The two contrasting landscape types were characterized as heterogeneous mixed farmland and intensively farmed homogeneous plain, respectively. As in Roschewitz et al. (2005) and Purtauf et al. (2005), we used the proportion of arable land (i.e. annually tilled fields with annual crops) and the occurrence of grasslands (field borders and pastures) in the landscape as proxies for habitat-type diversity and landscape type. The three landscape measures (proportion of arable land, mean field size and proportion of pasture of all agricultural land) were calculated in ArcView GIS 3·2 using agricultural statistics from the Swedish Board of Agriculture (Jönköping) within a 1-km radius circle from the centre of the farm unit. Six pairs of farms were situated in heterogeneous landscapes [proportion of arable land 0·15 ± 0·038 (mean ± SEM); field size 31600 ± 4600 m2; proportion of pasture 0·19 ± 0·031] and the remaining six pairs in homogeneous landscapes (proportion of arable land 0·70 ± 0·049; field size 60200 ± 6400 m2; proportion of pasture 0·028 ± 0·011). The heterogeneous landscapes held a significantly lower proportion of arable land (t = −8·83, d.f. = 22, P < 0·0001), smaller fields (t = −3·61, d.f. = 22, P= 0·0016) and a significantly larger proportion of pasture (t = 4·92, d.f. = 13·6, P= 0·0002) than the homogeneous landscapes.

farm selection

Spatially explicit information on agricultural land use (from the Swedish Board of Agriculture) was used in ArcView GIS 3·2 to select organic farms and match them with conventional ones. Organic farms were identified through the occurrence of EU-subsidized organically managed fields (according to EEC regulation 2092/91). The initial selection of organic farms focused on farms that had at least 50% of their land area under organic management during 2002. Farms with vegetable crops, fruit cultivations, etc., were then excluded; the dominant crops of the remaining organic farms were therefore cereal, cereal–legume mixture and ley, and more rarely beet and oil seed rape. We included 12 organic farms [area of organic arable land per farm 72 ± 13 ha (mean ± SEM); proportion of organic agricultural land per farm 0·94 ± 0·036] in the study, i.e. six from each of the two landscape types.

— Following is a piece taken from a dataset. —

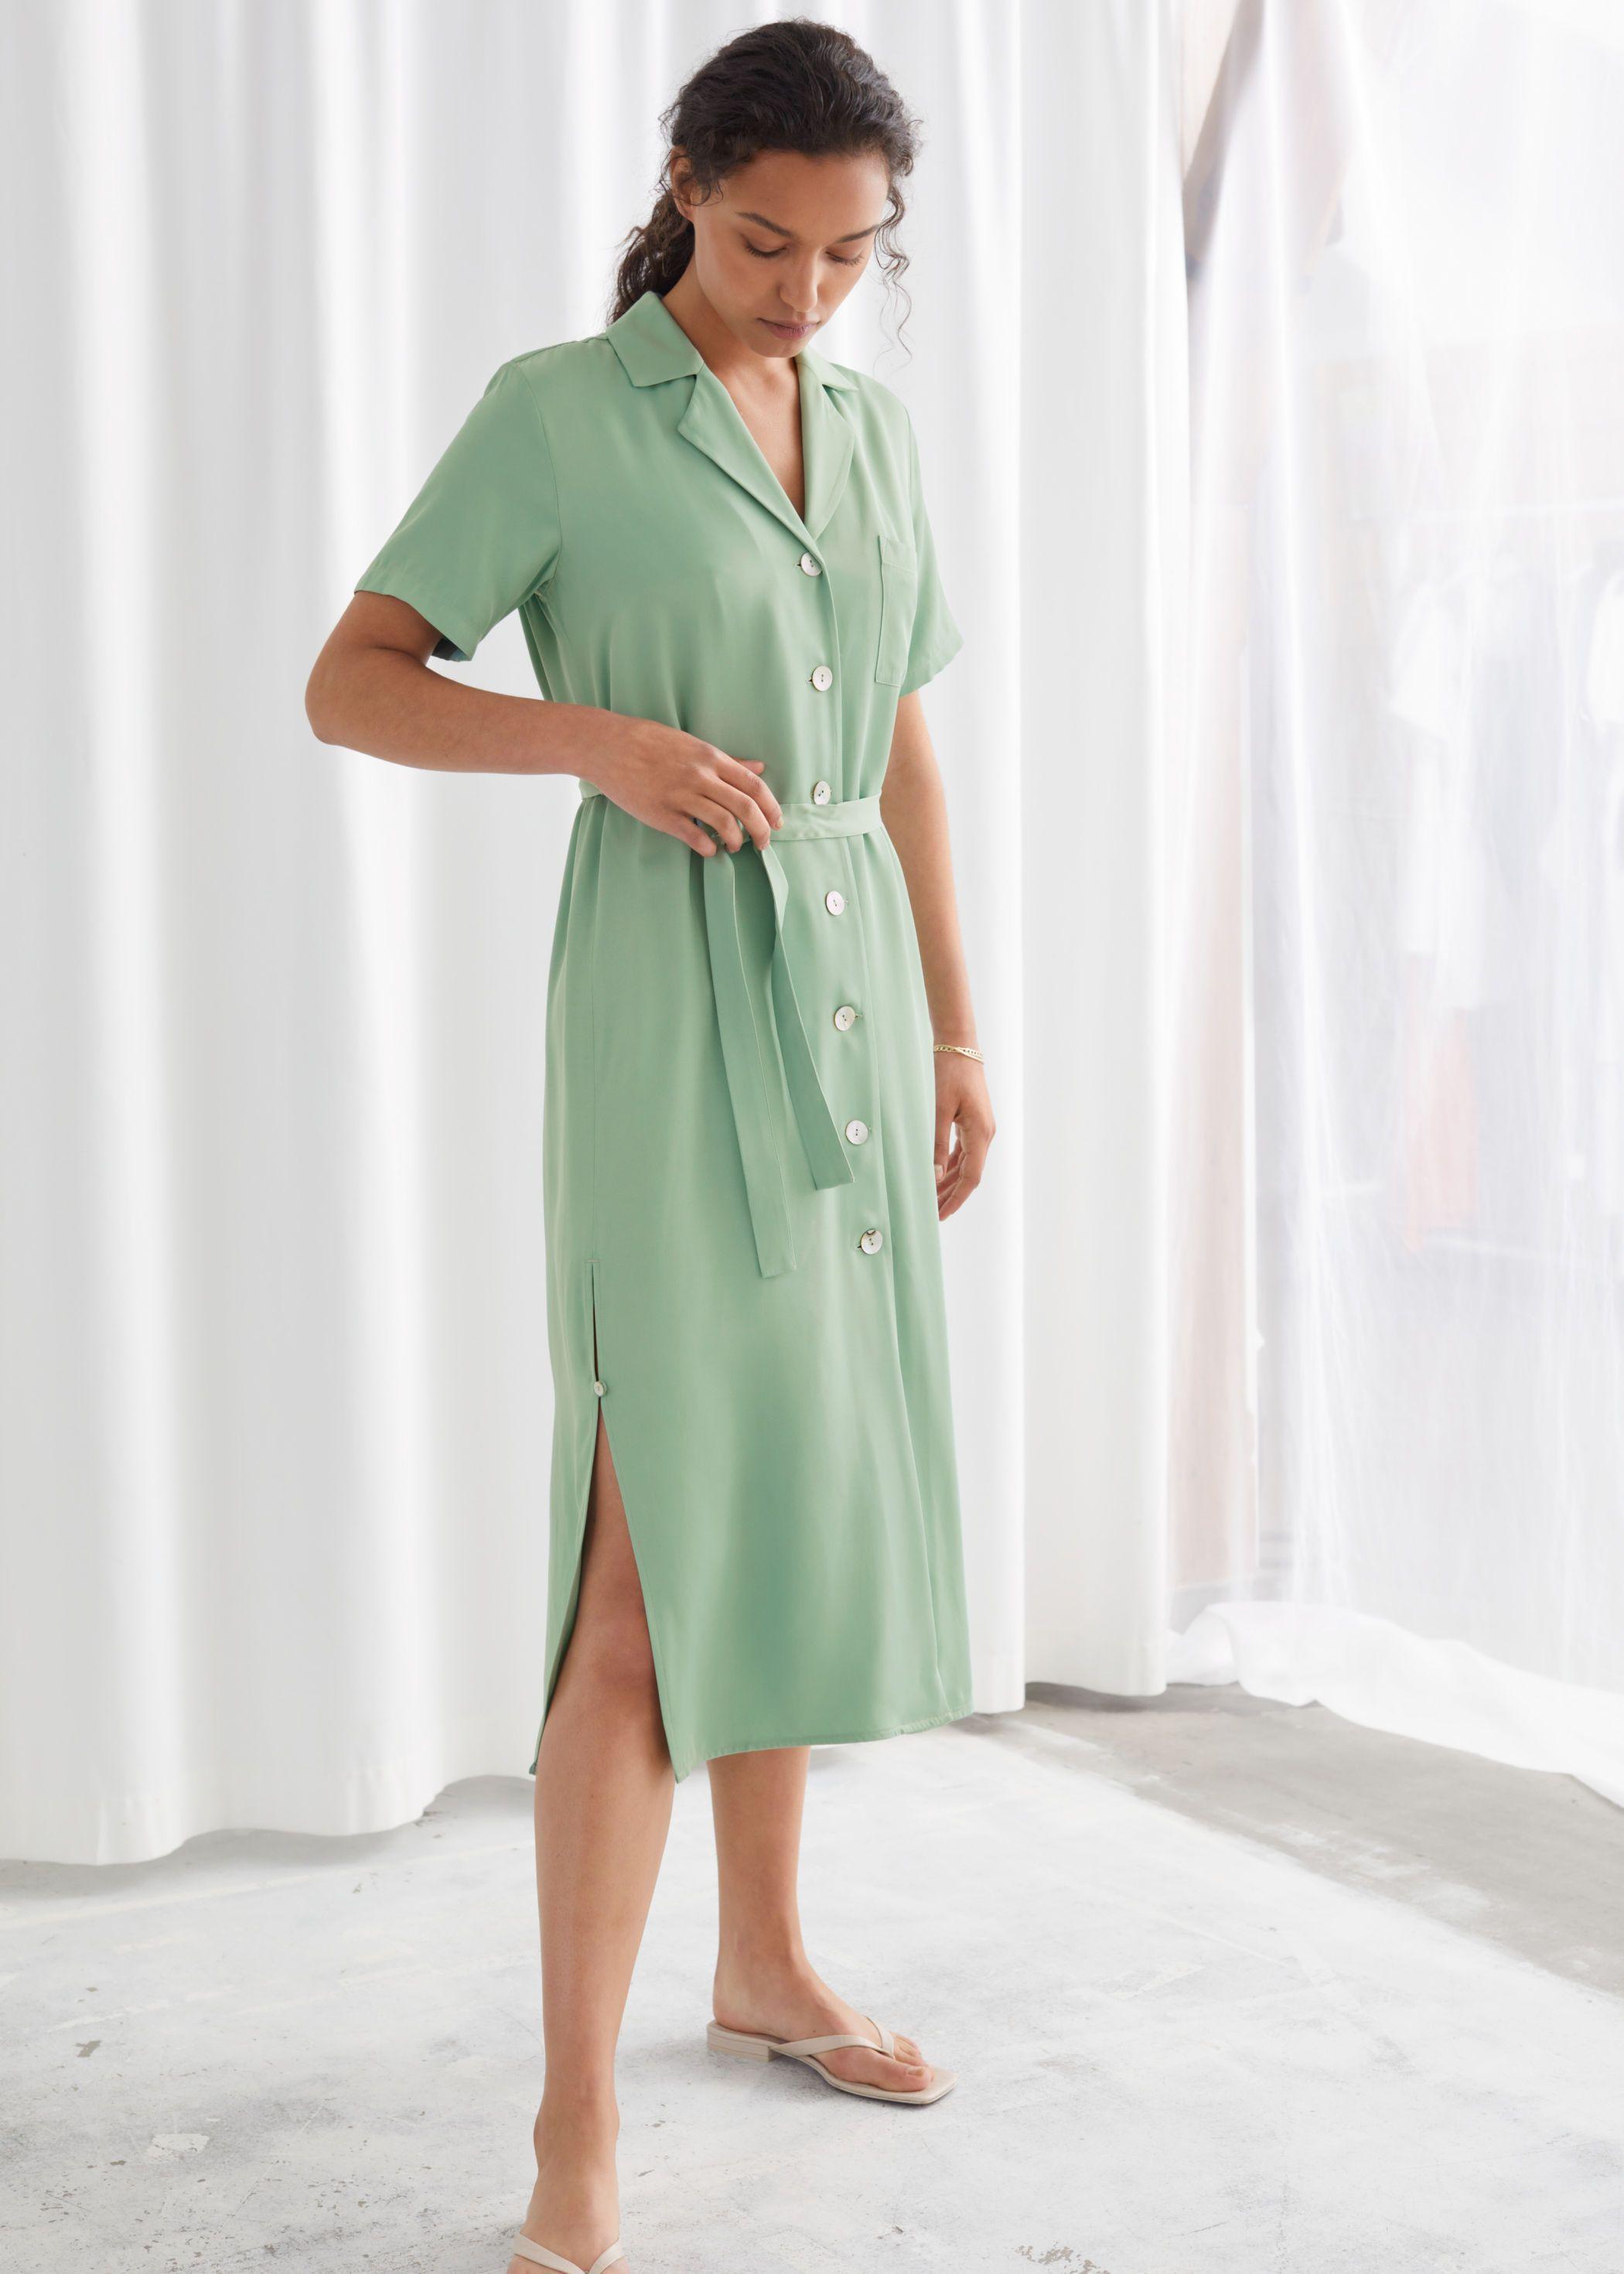 Satin Shirt Midi Dress Midi Shirt Dress Shirt Dress Satin Shirt [ 2940 x 2100 Pixel ]
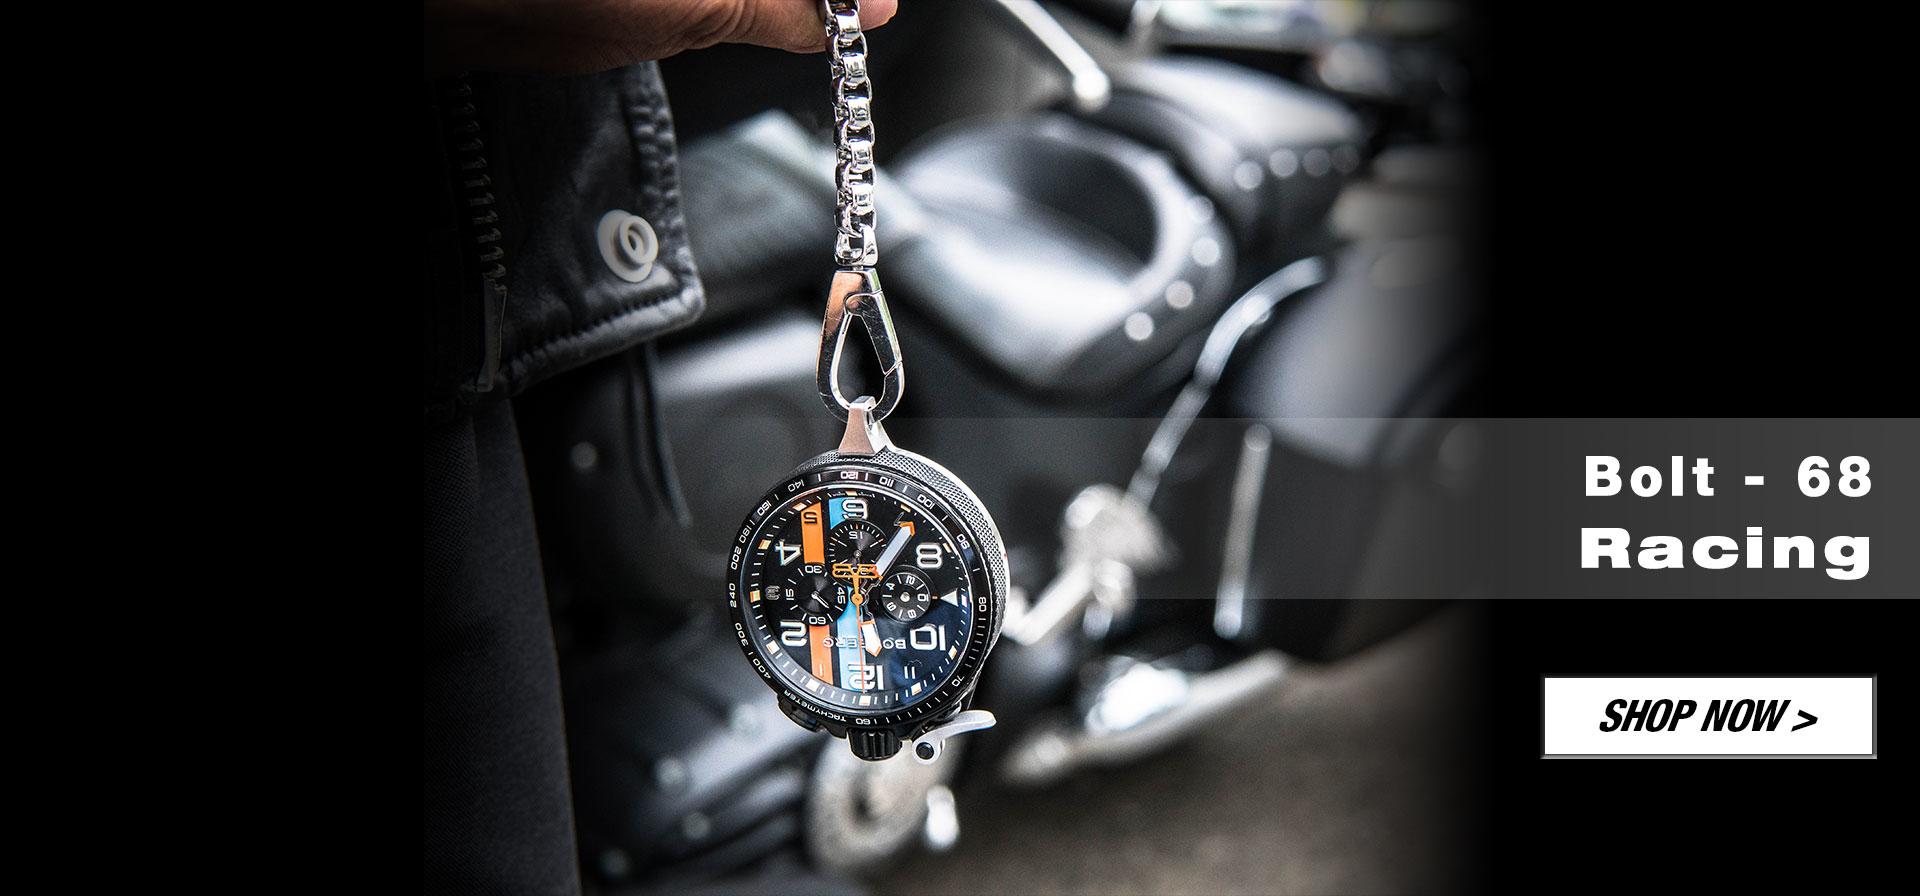 BOMBERG ,bolt-68-racing,bolt-68,奧創,ultra gears,racing

We used proximity, field size, crop type and occurrence of landscape features (e.g. stone walls, tree rows and small habitat islands) to match carefully, as far as possible, the selected 12 organic farms with conventional ones, to eliminate all differences not directly linked to farming practice (i.e. differences other than use/non-use of pesticides, use/non-use of inorganic fertilizers and a long and diverse crop rotation; Stockdale et al. 2001). The farms within a pair were situated close enough (3–8 km within pairs) to occur in the same type of landscape but were always at least 3 km apart, to avoid systematic exchange of butterflies.

butterfly inventory

We surveyed butterflies (Rhopalocera, including burnet moths, Zygaenidae) along organically and conventionally managed cereal field headlands and margins during June–August 2003 (five visits) and May–August 2004 (six visits) on the selected 24 farms. The farms within a pair were visited on the same day and each farm was visited every 2 weeks. Butterfly species and abundance were recorded in the field headlands (outer 5 m of the cereal fields) and adjacent uncultivated field margins (2-m wide strip of grassy vegetation along the field boundaries) using a modified standard transect count (Pollard 1977). The butterfly data from the two subsampling areas (field headland and uncultivated field margin) were combined in the statistical analyses.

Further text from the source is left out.